When Creepy Converts: A Halloween Story About Retargeting Ads

By , Published October 30, 2014

When Creepy Converts: A Halloween Story About Retargeting Ads image remarketing halloween blog.jpg 600x328

You’re driving down a dark road at night when you notice headlights in your rear view mirror. You turn left. The lights appear behind you a few seconds later. You turn right. There they are again. Eventually, you start to feel like you’re being followed. Do you drive home or do you try to get away?

Similarly, we’ve all experienced the same creepy feeling when we visit a website, browse a few products, and notice that days or even weeks later, ads for that site are popping up on other pages we visit.

Is someone peeking over our shoulders and reporting every keystroke back to Google?

In a way, yes.

It’s called remarketing or retargeting, and it allows site owners to track users after they click away to visit other pages.

It seems creepy at first, but the data doesn’t lie. Sometimes, creepy converts.

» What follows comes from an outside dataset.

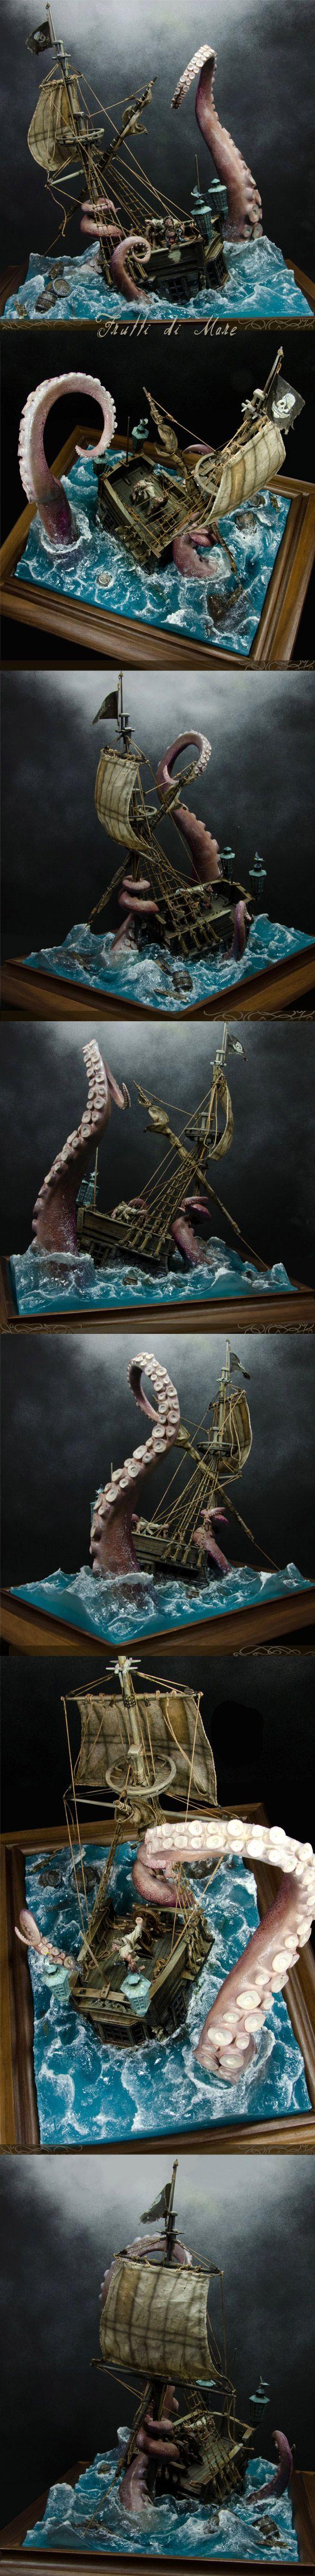 Frutti di Mare by Robert                                                                                                                                                                                 More
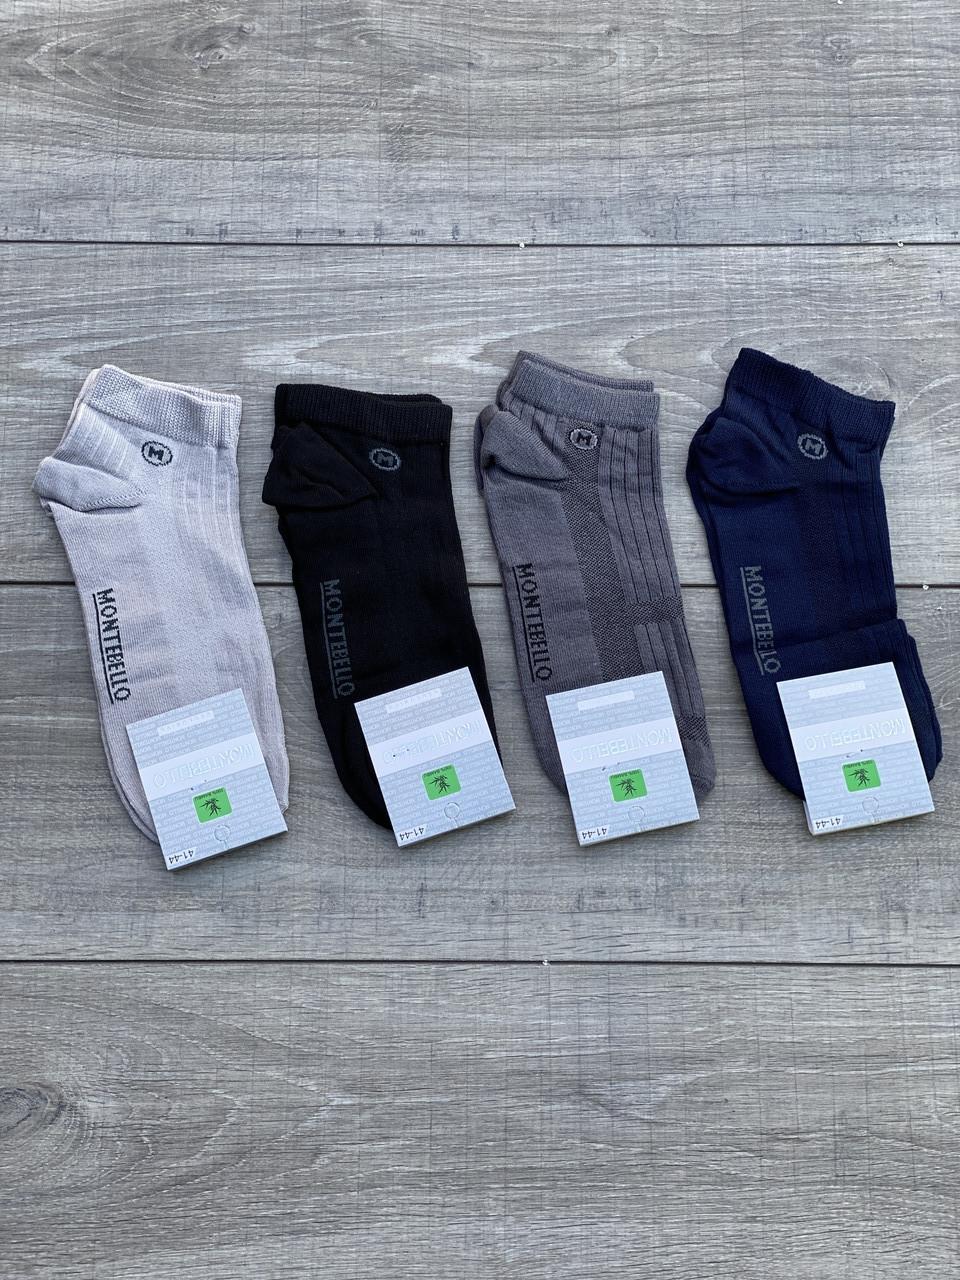 Мужские носки короткие хлопок Montebello в сетку с буквой М 41-44 12 шт в уп микс ассорти из 4х цветов

Since only 2% of website visitors make a purchase, submit a sales inquiry, or otherwise become a known lead on their first visit, retargeting provides a way for companies to encourage those users to come back, take a second look, or complete a purchase that may have been abandoned somewhere during the sales process.

Think of it this way. You’re browsing for boots on a popular department store website. You find a pair you love, and you pick your size and add them to your shopping cart. Then you look at the time and realize that you need to get dinner in the oven before it’s too late. You walk away from your computer, and by the time you sit back down a few hours later, you’ve forgotten all about the boots.

A few days later, you’re online again, helping your son do research for a school project. Right there in the sidebar of an educational website, you see a picture of your boots. You’re busy, so you ignore them. But when they pop up again while you’re checking the weather forecast that night, you finally click back over to the department store and finish your purchase.

Whether it’s a mom shopping for boots in her spare time or a busy CEO looking for a new software product in between meetings, there are so many ways potential sales can be lost in the shuffle. Remarketing gives companies a way to recapture those opportunities and turn near-misses into actual sales.

This Halloween, don’t be afraid to employ a creepy tactic. Retargeting ads are a surefire trick that will fill your sales bucket with treats!